= Maya Chowdhry =

Maya Chowdhry (born 1964) is a British playwright, poet and transmedia interactive artist.

==Life==
Maya Chowdhry was born in Edinburgh in 1964. She began writing as an adolescent:

I began writing to stay above water; I wrote to survive teenage years: crushes, exams, obsessional cooking – my poetry was a life-line. When my poetry was published I was asked to read at the launch – to perform my life. It slipped easily off the tongue: I had had years of performing answers to society's questions about my identities; I had written about the questions, searching for my true identity. Readings became performances, multi-media shows, commissions. Suddenly my identity was captured, fractured, sliced and served to audiences and I was a 'live' challenge to myself.

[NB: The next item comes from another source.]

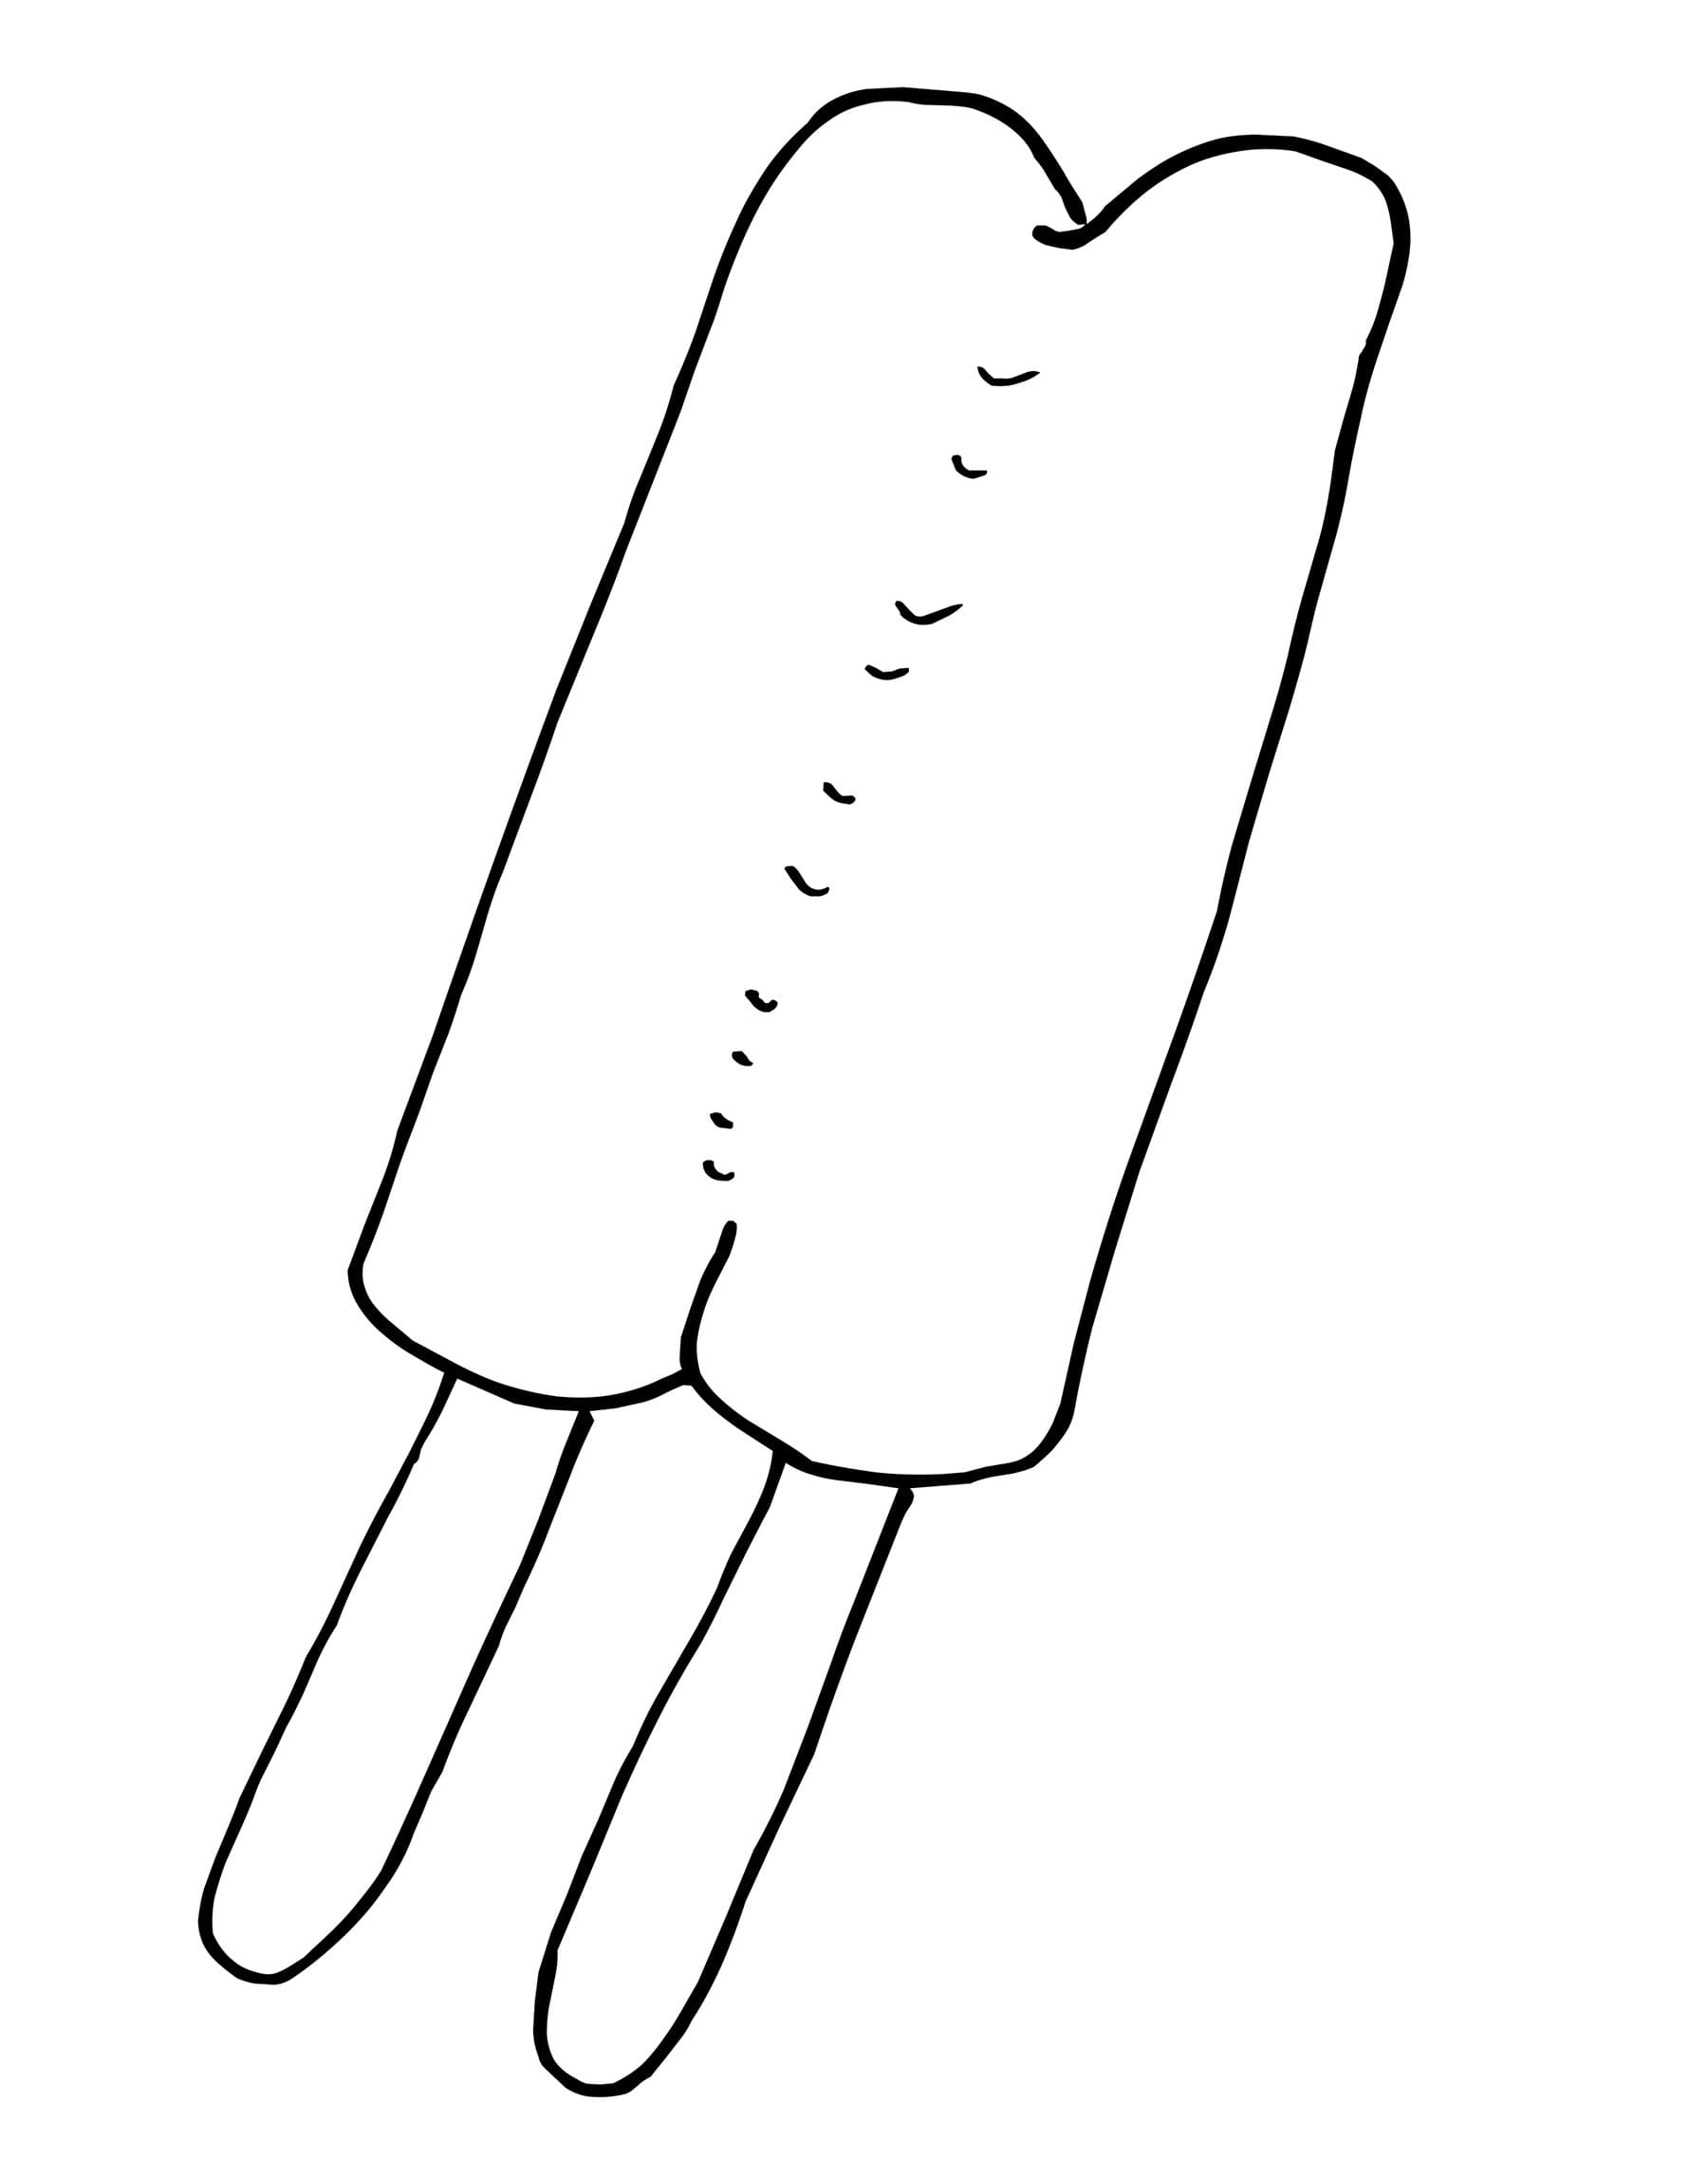 Ice Cream And Popsicle Image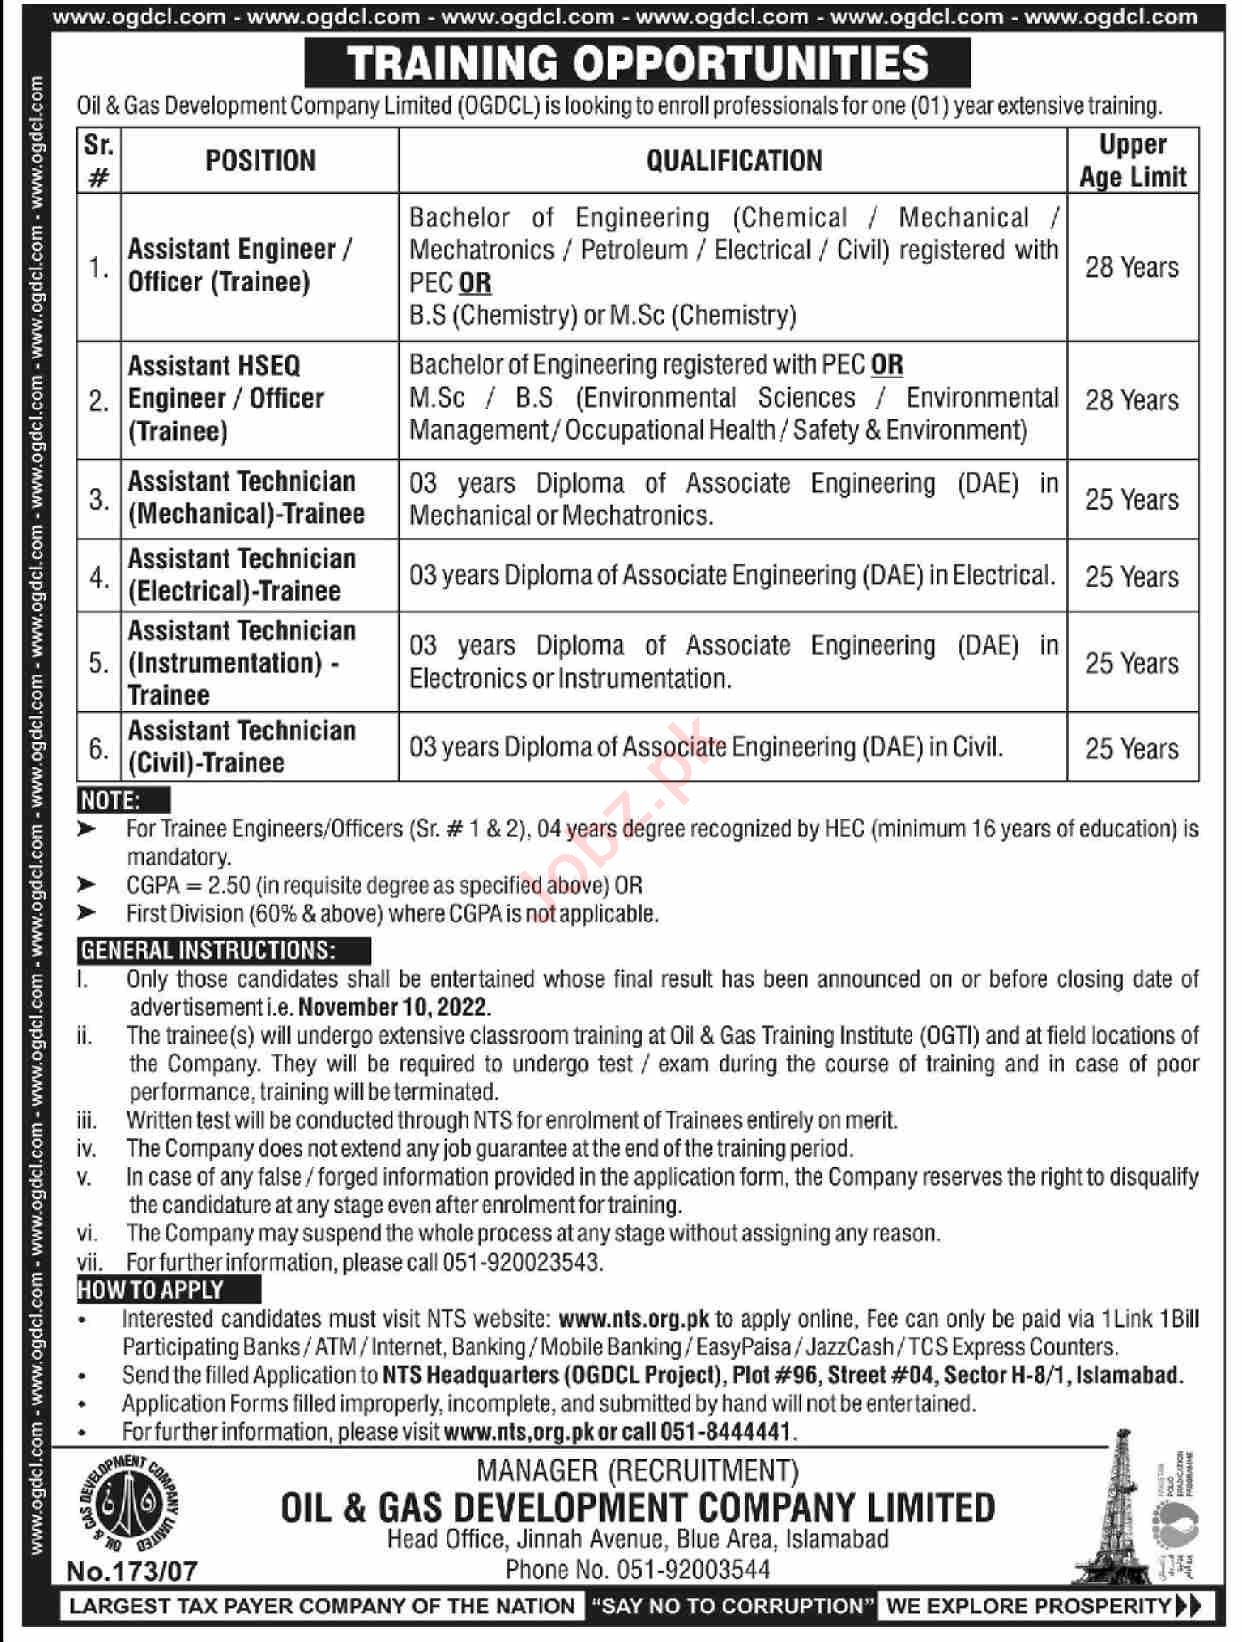 Latest Oil & Gas Development Company Limited OGDCL Management Posts Islamabad 2022

Chowdhry worked for Sheffield Film Co-op in the 1980s, and wrote theatre for young people in the 1990s. Like other black women playwrights such as Jackie Kay and Jacqueline Rudet, Chowdhry was helped by the appointment of the black woman producer Frances-Anne Solomon to BBC Radio 4.

Chowdhry's first play, Monsoon (1993), was broadcast as part of the BBC Young Playwrights' Festival. Monsoon portrays the return of sisters Jalaarnava and Kavitaa, two second-generation migrant young women, to their parents' birthplace in India. The play parallels the experience of menstruation with waiting for the seasonal monsoon. Chowdhry's play Kaahini (1997) was toured by Red Ladder, as one of a series of plays aimed primarily at Asian-British girls. Influenced by the story of Shikhandi in the Mahabharata, the play dramatizes a gender reversal narrative: a British Indian teenage girl, Esha, is brought up by her parents as a boy. After a close friend Farooq falls in love with Esha, she reveals herself to him as a girl and is forced to work through her gender identity.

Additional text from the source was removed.